A cross-country trip turns into a night to remember!
The Auditor, who was not a Strassberg but really wanted to impress the family for monetary and promotional reasons, looked at the Inventory, took stock of what was flushed, and promptly told everybody, "We fucked up royally and we're in deep shit but not as deep as you think. It's fixable."
"Fixable how?" asked everyone.
"Well, and I'm sure the scientists will agree, most of the specimens won't survive the sewers, or I should say sewer. There's only one line leading from the building. All we have to do is wait and see where the shit comes up and send a cleanup crew."
Everyone exhaled a collective "Whew!" Everyone that is except Krump.
"Ah Mister Auditor?" he asked. "What kind of shit did we lose?"
The lawyers, executives, scientists, cleaners, and more lawyers stared at Krump with a collective "Grrrr!" and then looked towards the Auditor. The Auditor hemmed and hawed (Krump had really hashed his moment) and reluctantly produced a list. A bunch of genetically altered jellyfish, some mutant slime mold, a batch of liposuctioned belly fat, genetic samples from a local sci-fi fan club (i.e. geeks), sperm donations from psychopathic mentally-challenged sex offenders, and a garden slug that the Idiot Supervisor found underneath his shoe; plus some experimental growth hormone and several hundred gallons of Axe Body Spray some college boys brought to the lab as a prank.
"Does that answer your question Mr.

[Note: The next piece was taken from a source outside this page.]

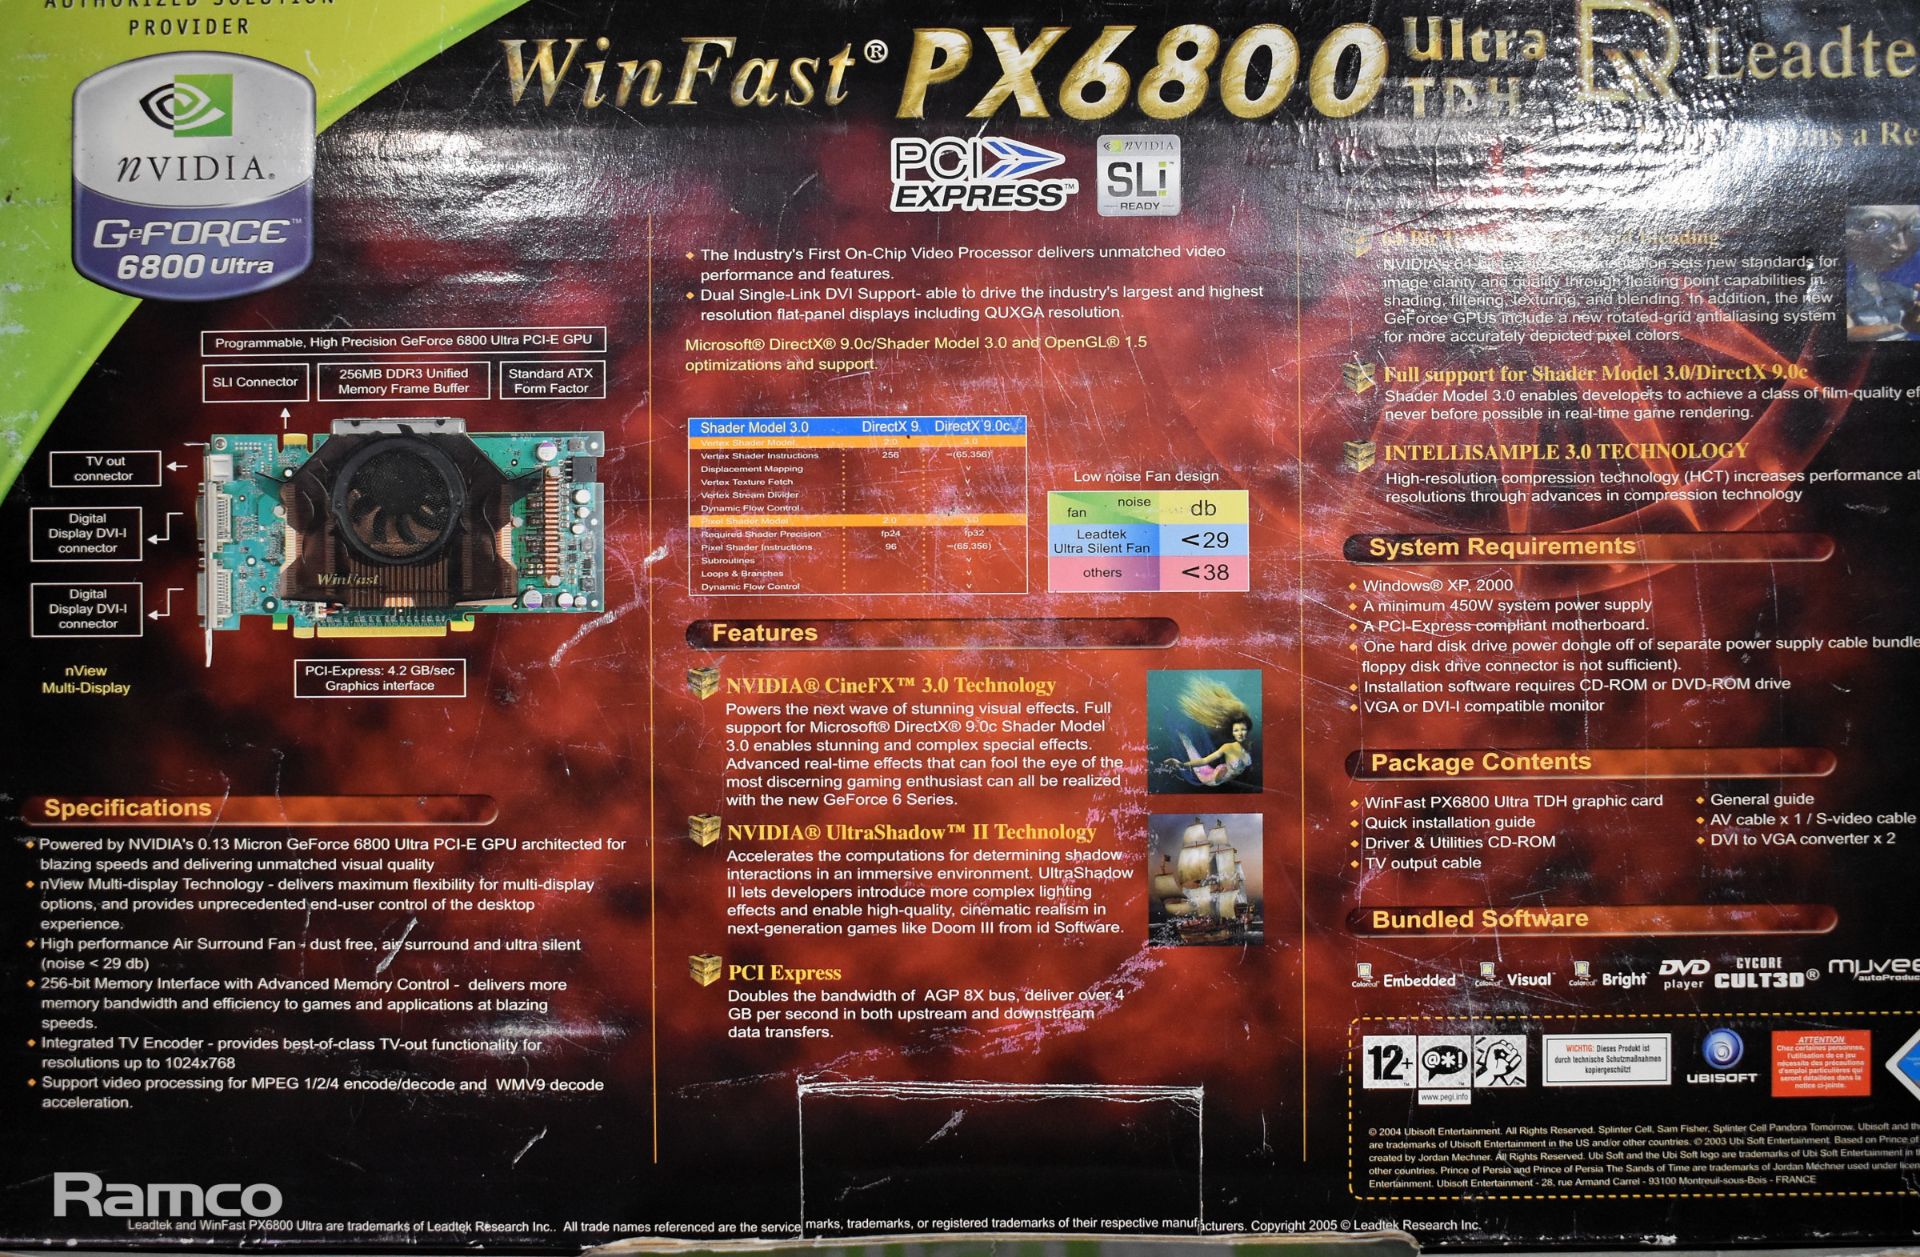 Winfast PX6800 ultra graphics card - Image 4 of 5

Krump?"
"Yes, Idiot Supervisor?"
"Uh, yeah. I suggest we pump some radioactive iodine into the sewer to track the shit."
"Good idea Idiot Supervisor!" said the executives. "That's a Strassberg for ya!"
"Ahem!" ahemed Herman.
"Grrr. Yes, Krump?" growled the executives.
"Isn't that a little dangerous? Who knows how some of that shit might react to the iodine?"
"Ha! Ha! Ha! Ha!" laughed the lawyers, executives, scientists, cleaners, and more lawyers in unison. "It's perfectly harmless. Don't worry. There won't be any oversized irradiated slime monsters made from mutant jellyfish, slime mold, geeks, retarded sex offenders, garden slugs, and cranked up on growth hormone and Axe Body Spray running loose in the sewer. Pour the iodine!"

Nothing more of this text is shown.